Primary Care Coding Alert

Reader Question:

Understand The Appropriate Use of Modifiers For Multiple Units of 20610

Question: One of our physicians administered Kenalog into right knee, left knee & right shoulder. We claimed 20610 x3. Medicare paid for two of the three 20610’s. I received information from Medicare that their system does not recognize 20610 by site and will only pay for one 20610. How do I bill 20610 for three different sites if three sites are being injected?

New Jersey Subscriber

Answer: When your clinician performs arthrocentesis and performs an aspiration or injection into a major joint, you report it with 20610 (Arthrocentesis, aspiration and/or injection; major joint or bursa [e.g., shoulder, hip, knee joint, subacromial bursa]). If any ultrasonic guidance is used to place the needle, you will have to report it separately using 76942 (Ultrasonic guidance for needle placement [e.g., biopsy, aspiration, injection, localization device], imaging supervision and interpretation).
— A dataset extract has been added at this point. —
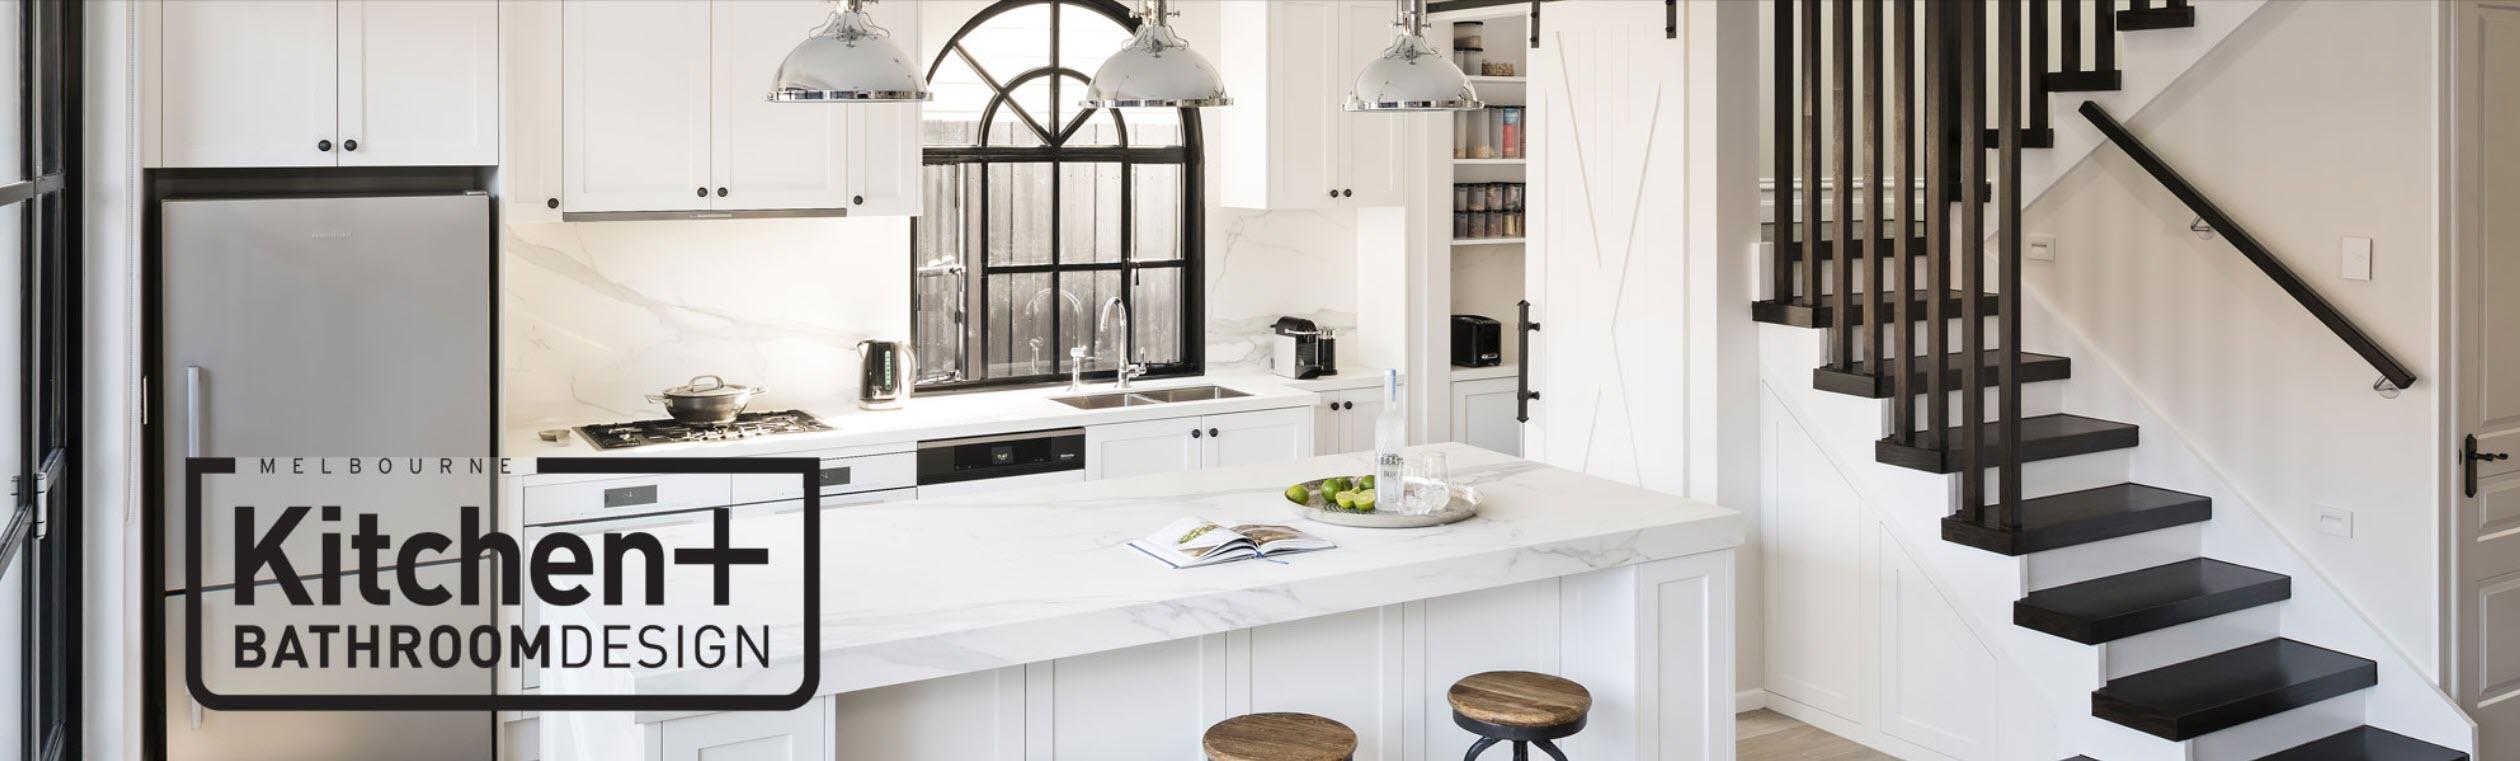 Melbourne Home Kitchen + Bathroom Design

You will report one unit of 20610 for one site at which your FP has performed the arthrocentesis. But, in your case, since your clinician has performed the procedure in three different sites, you are correct in reporting the procedure with 20610x3.

However, you will have to report the three units of 20610 with appropriate modifiers to enable payment for all the three sites. So, you will have to use the modifier LT (Left side [used to identify procedures performed on the left side of the body]) and the modifier RT (Right side [used to identify procedures performed on the right side of the body]) to identify that your clinician performed the procedure on the left knee and the right knee.

Since he also performed the procedure on the right shoulder, you will report this unit of 20610 with the modifier 59 (Distinct procedural service) along with the modifier RT. This will inform the payer that your clinician also performed the procedure on a separate joint on the right side. In case you do not use the modifier 59, it will be considered as duplicate by the system/software. This is probably the reason why only two of the three units that you claimed got paid out.

Finally, don’t forget to report the appropriate code for the Kenalog itself. For Kenalog, the HCPCS Table of Drugs refers to triamcinolone acetonide, and for that drug, the table, in turn, refers to two codes. One is J3300 (Injection, triamcinolone acetonide, preservative free, 1 mg), and the other is J3301 (Injection, triamcinolone acetonide, not otherwise specified, 10 mg). Since the descriptor in each case specifies the number of milligrams, you might need to bill multiple units if the physician administers more than the number listed in the code descriptor. For example, you’ll report J3301 with three units of the code if your FP administers 30 mg of Kenalog that is not preservative free.